How many time did you rerun the training of a model with the same parameters again and again?

By tracking experiments (the activity to log parameters, results dependencies, code and data) you can go back in time and check which parameters, results and data was used to achieve the best result.

Tracking also saves you time by knowing which dependencies and version has been used. This is useful when you deploy your model and want to know which package is in production.

Tracking can also help you reproduce your results for a particular experiment in case you haven’t save your model.

Tracking save money

In the context of Deep Learning and large datasets, experiments can costs hundreds to thousands dollars in a cloud environment.

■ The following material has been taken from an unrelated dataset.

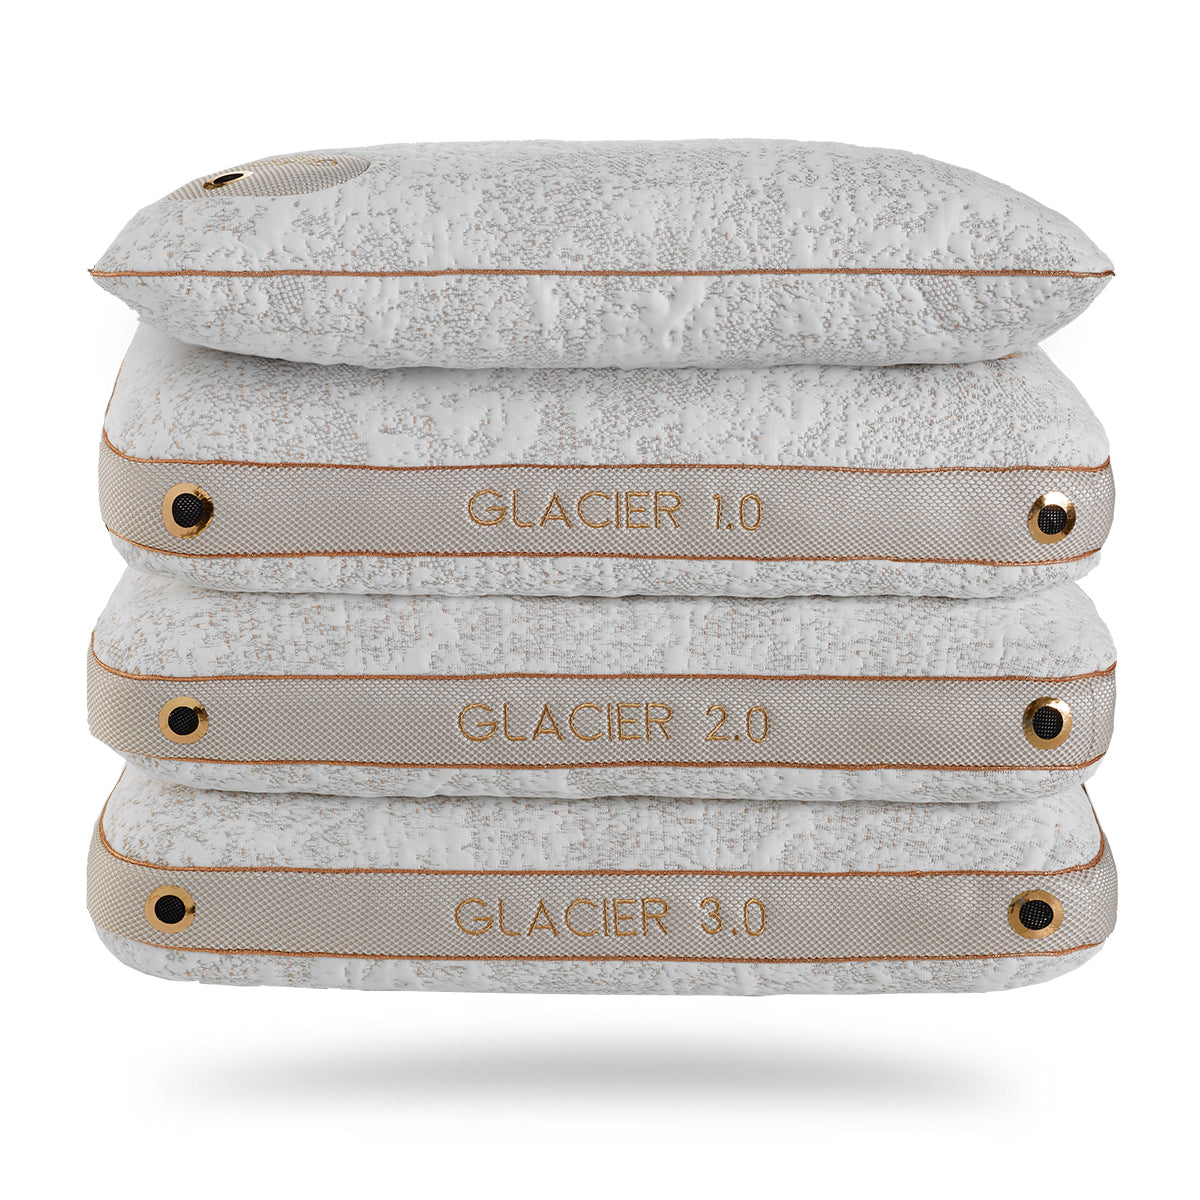 Bedgear Glacier Performance Pillows stacked  0.0, 1.0, 2.0, 3.0 from top to bottom

Tracking your experiments helps you to avoid retrain models with the same parameters and avoid the lengthy and costly training of large DL models

When training a DL model, it is helpful to track the model with the data from the experiment in order to avoid to reproduce the experiments.

Tracking improves collaboration

More and more Data Scientists collaborate by sharing code and data.

Unfortunately Data Scientists who get hold of theses data and code have to figure out the performance and the dependencies of the models.

By tracking and sharing experiments, other Data Scientists can figure out more quickly the behaviour of the models and avoid the pitfalls of code dependencies.

Tools to track your experimentations

Many tools exist today to track your experiments.

Mlflow (mlflow.org) : An open source platform for the machine learning lifecycle.

Sacred (github.com/IDSIA/sacred) : Sacred is a tool to help you configure, organize, log and reproduce experiments.

Comet (www.comet.ml) : Comet lets you track code, experiments, and results on ML projects. It’s fast, simple, and free for open source projects.

Datmo (www.datmo.com) : Open Source tool for tracking and reproducible Machine Learning experiments.